Bi-Directional Imagined Hand Movement Classification Using Low Cost EEG-Based BCI

The notion of developing thought controlled devices (games, robots, cars etc.) is becoming increasingly popular with the introduction of low cost commercial headsets that record neuroelectric activity and the extensive research in the area of Brain Computer Interfaces (BCIs). In this paper, we study the feasibility of using a commercial low cost EEG amplifier which has only limited number of electrodes, to develop a motor control BCI system. The objective is to extract brain activity responsible for direction specific imagined and executed motor activity, which can be used to identify the motor task performed by the user using the simultaneously recorded EEG. An experiment is conducted to engage the user in bi-directional horizontal movement execution and imagination of the dominant hand.

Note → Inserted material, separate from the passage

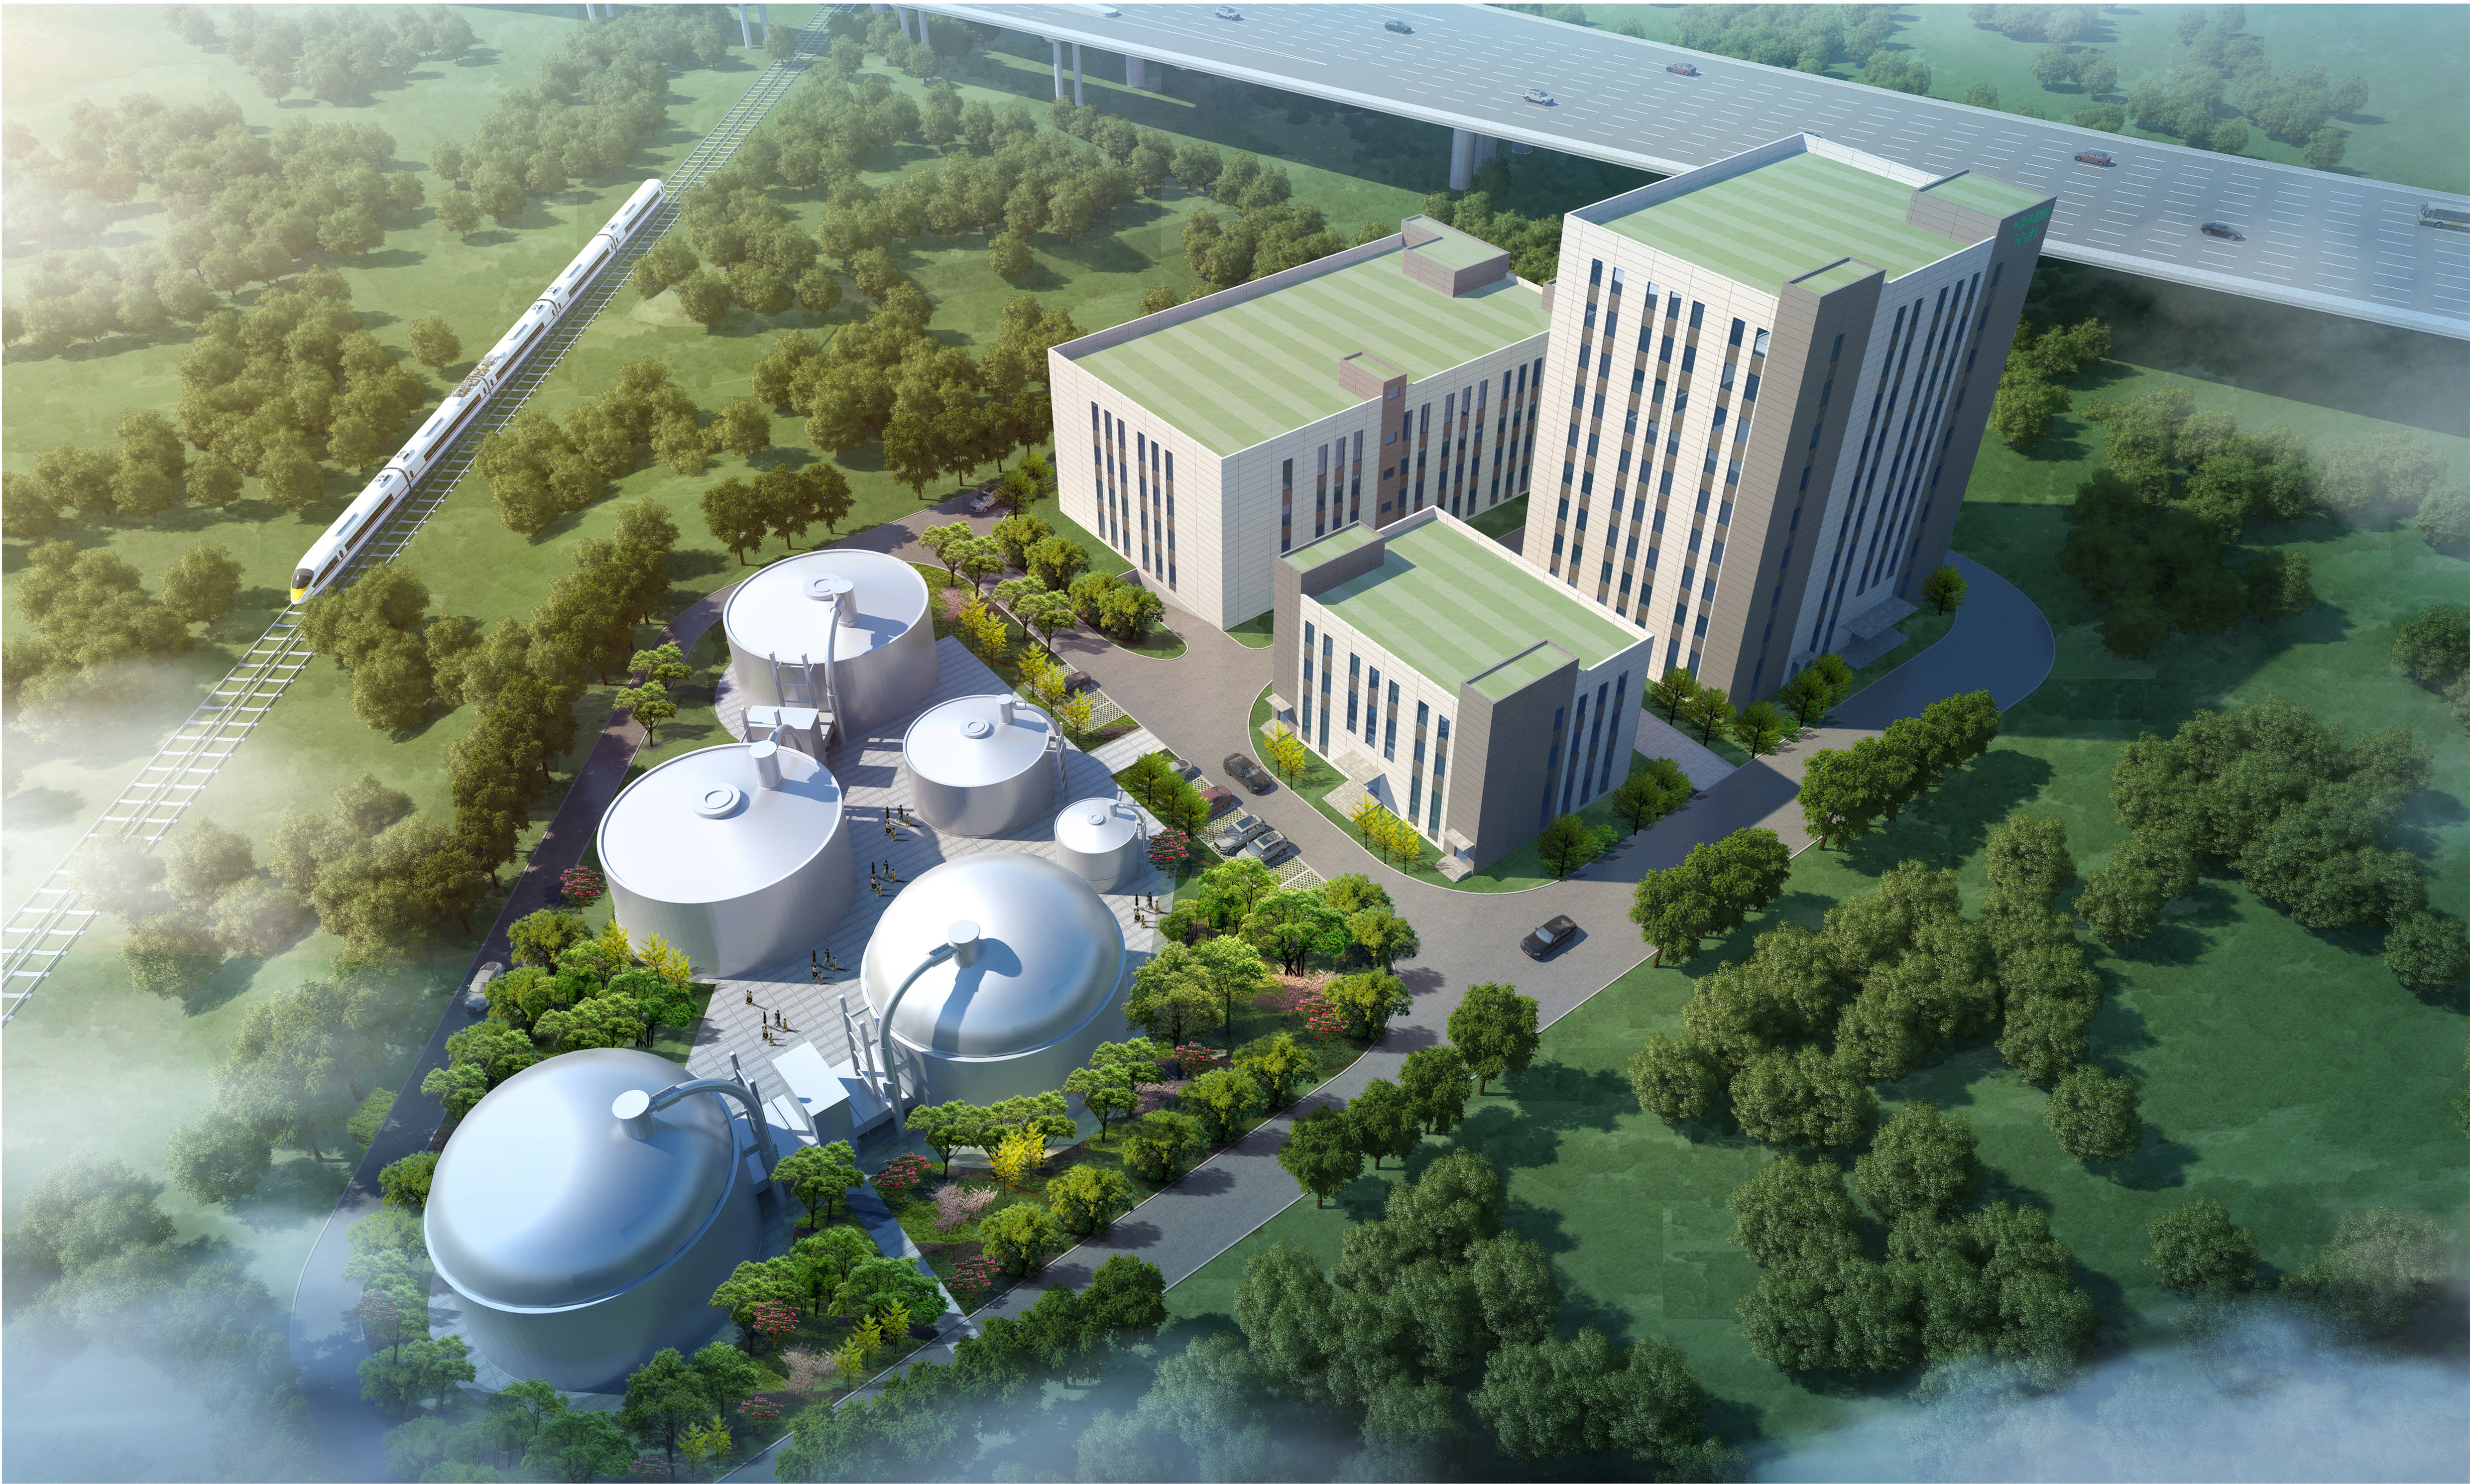 深圳市海吉星环保有限责任公司综合环保工程设计项目
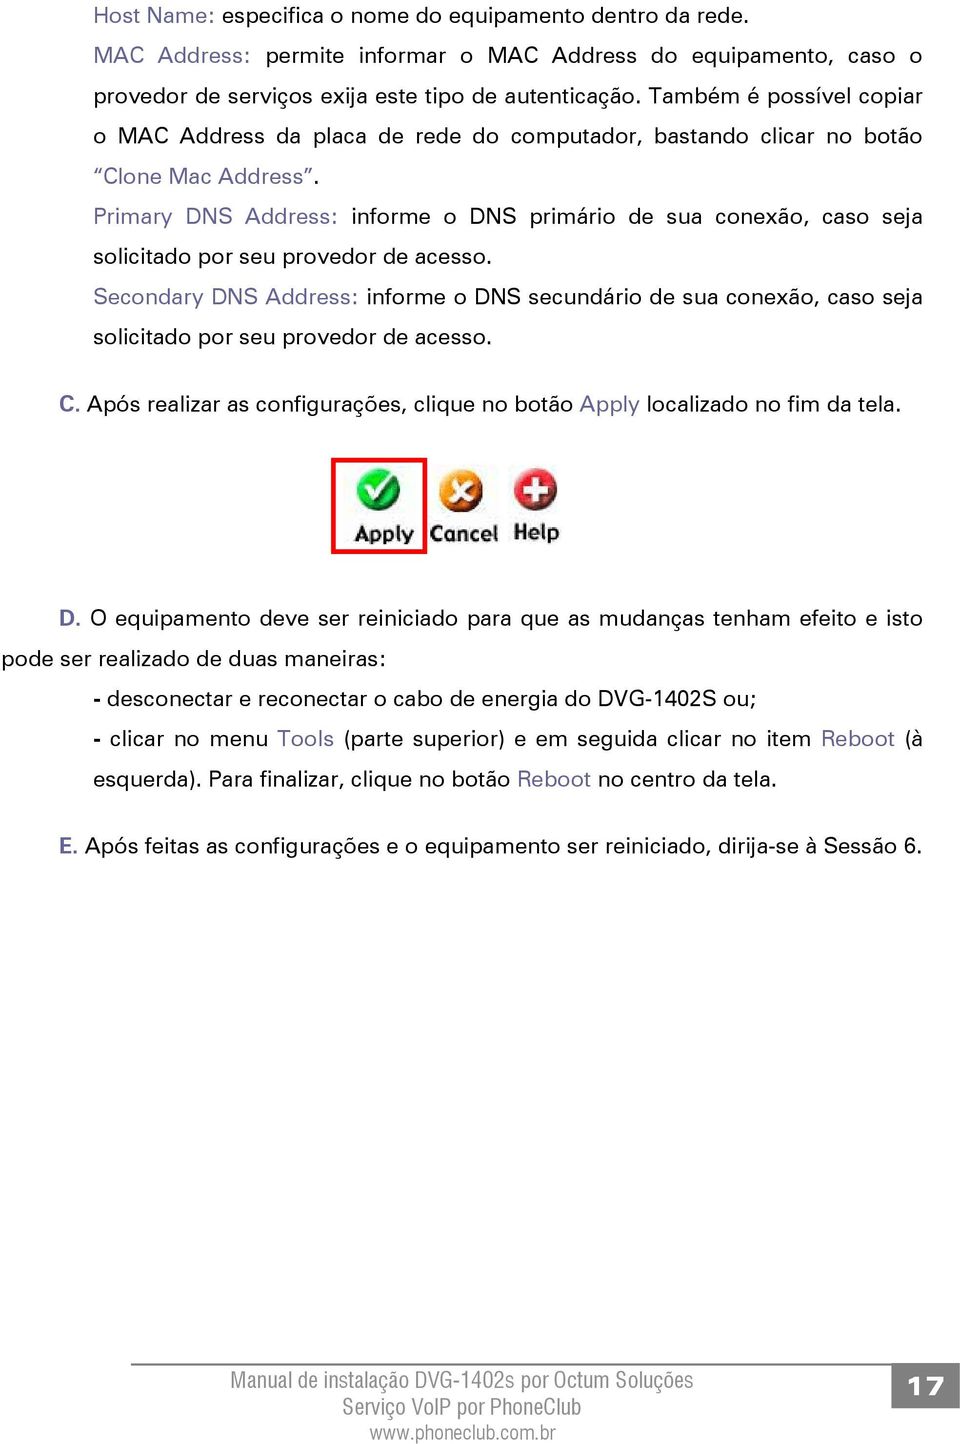 Primary DNS Address: informe o DNS primário de sua conexão, caso seja solicitado por seu provedor de acesso.

The analysis includes investigation of the time-frequency bins of the recorded EEG that provides maximum discrimination of directional movement. Further, the features are extracted using Filter Bank Common Spatial Pattern (FBCSP), followed by Fisher Linear Discriminant (FLD) for classification. The classification performance at various time instants of each trial are considered, and a control strategy was introduced at the classifier output to enhance performance. The performance in terms of average classification accuracy over five subjects is obtained as 81.3 % (movement execution) and 82.4 % (movement imagination). The results indicate the applicability of this EEG-BCI system to provide directional motor control to an interfaced device such as a robotic arm or a game element.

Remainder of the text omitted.